Interpret the figures above. Do the previous plots fit with the result given by the coefficient of determination? Are they aligned?

Solution:

In the plot (a), we observe that the observations have a high scatter around the fitted line, but how much is that? That is why we use metrics!

In the plot (b), we compare the observations with the predictions of the model. The perfect fit would correspond to the 45-degrees line in black. Thus, the model has a poor performance as we already quantified using the coefficient of determination. Both results are aligned.

We can also assess the scatter using the Root Mean Square Error ($RMSE$). Don't you remember it? Go back to the book!

Let's see how our model performs for this metric.

def RMSE(data, fit_data):
    '''
    Compute the RMSE

    RMSE = [sum{(data - fit_data)^2} / N]^(1/2)

    Input: data = array with real measured data
           fit_data = array with predicted data
    
    Output: RMSE
    '''

    diff_n = (data - fit_data)**2
    mean = np.mean(diff_n)

    error = mean**(1/2)
    print(f'RMSE = {error:.3f}')
    return error

RMSE_line = RMSE(data[:,1], line)

RMSE = 6.003

Task 3: Based on the obtained RMSE, assess the performance of the model. Answer in the cell below using markdown:

1. What does RMSE mean in this context?
2. Is the developed model accurate according to RMSE?

Solution:

1. $RMSE$ represents the mean error between the observations and the predictions of the model. This means that the mean error is $\approx 6$ days. Therefore, the linear model is not able to explain the scatter in our observations.

2. Based on the previous interpretation, the linear model is not accurate. Whether this low level of accuracy is good enough or not, depends on the use we want to give to the model. Would you bet $3? And $1,000?

Finally, we can compute the bias of our model using $rbias$.

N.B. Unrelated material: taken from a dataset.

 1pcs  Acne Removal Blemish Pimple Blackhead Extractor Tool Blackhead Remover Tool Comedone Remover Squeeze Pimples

def rbias(data, fit_data):
    '''
    Compute the relative bias

    rbias = [sum{(fit_data-data) / |data|}]/N

    Input: data = array with real measured data
           fit_data = array with predicted data
    
    Output: relative bias
    '''
    bias = np.mean((fit_data-data)/data)

    print(f'rbias = {bias:.3f}')
    return bias

rbias_line = rbias(data[:,1], line)

rbias = 0.002

Task 4: Based on the obtained relative bias, assess the performance of the model. Answer in the cell below using markdown:

1. What does rbias mean in this context?

Solution:

1. $rbias$ provides an standardized measure of the systematic tendency of our model to under- or over-prediction. It is very low for our model, so it does not have a clear tendency to under- or overestimate and, thus, does not seem to be biased.

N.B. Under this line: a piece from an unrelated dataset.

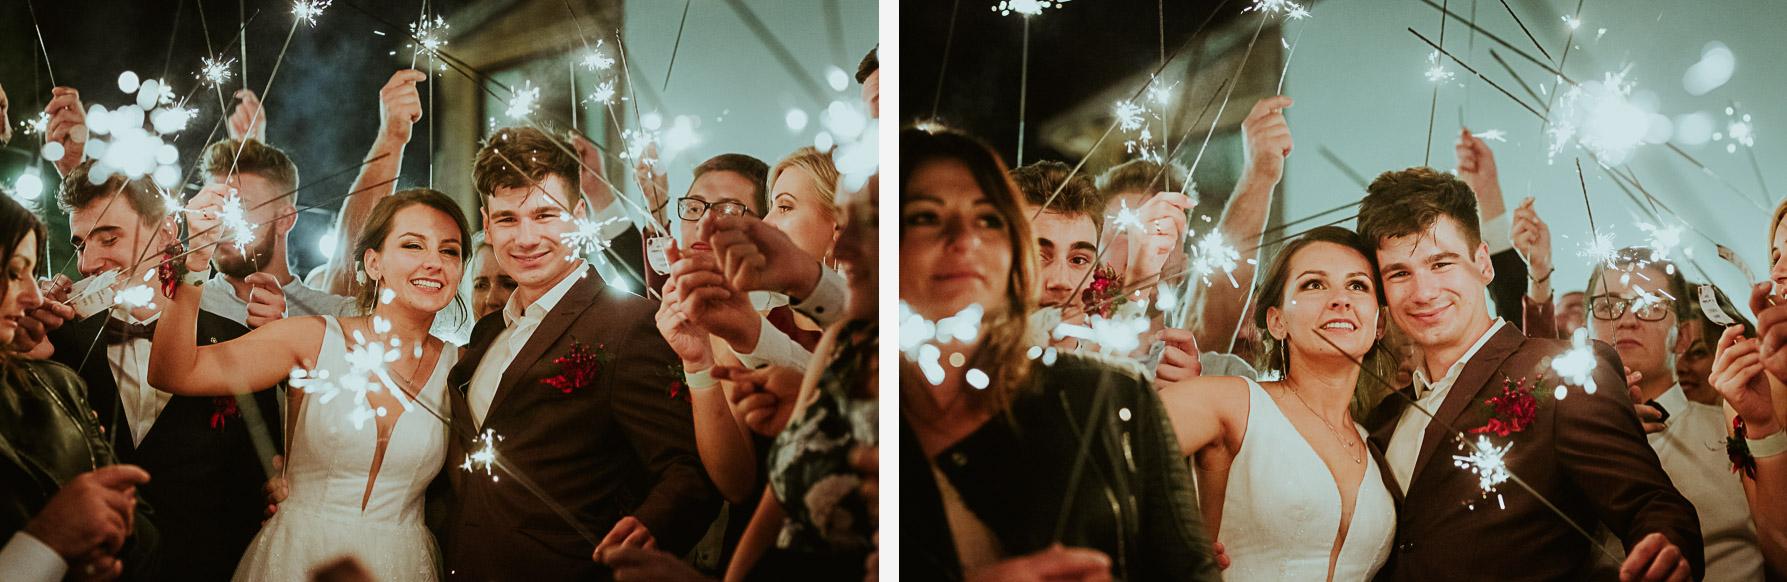 Zdjęcia Ślubne Cieszyn 139 a29a

Task 5: Based on all the computed GOF metrics, Is the fitted model a good model? Would you...

...bet 3€?

...bet 1,000€?

Solution: No right answer, that depends on the risk you want to take ;)

4. Confidence Intervals

One way of assessing the uncertainty around the predictions of a model are confidence intervals. They give us insight into the precision of their predictions by transforming them into probabilities. In short, the 95% confidence interval (significance $\alpha=0.05$) shows the range of values within which my observation would be with a probability of 95%. Here, we want you to focus on their interpretation. In the following weeks (1.3), you will learn more about how to compute them.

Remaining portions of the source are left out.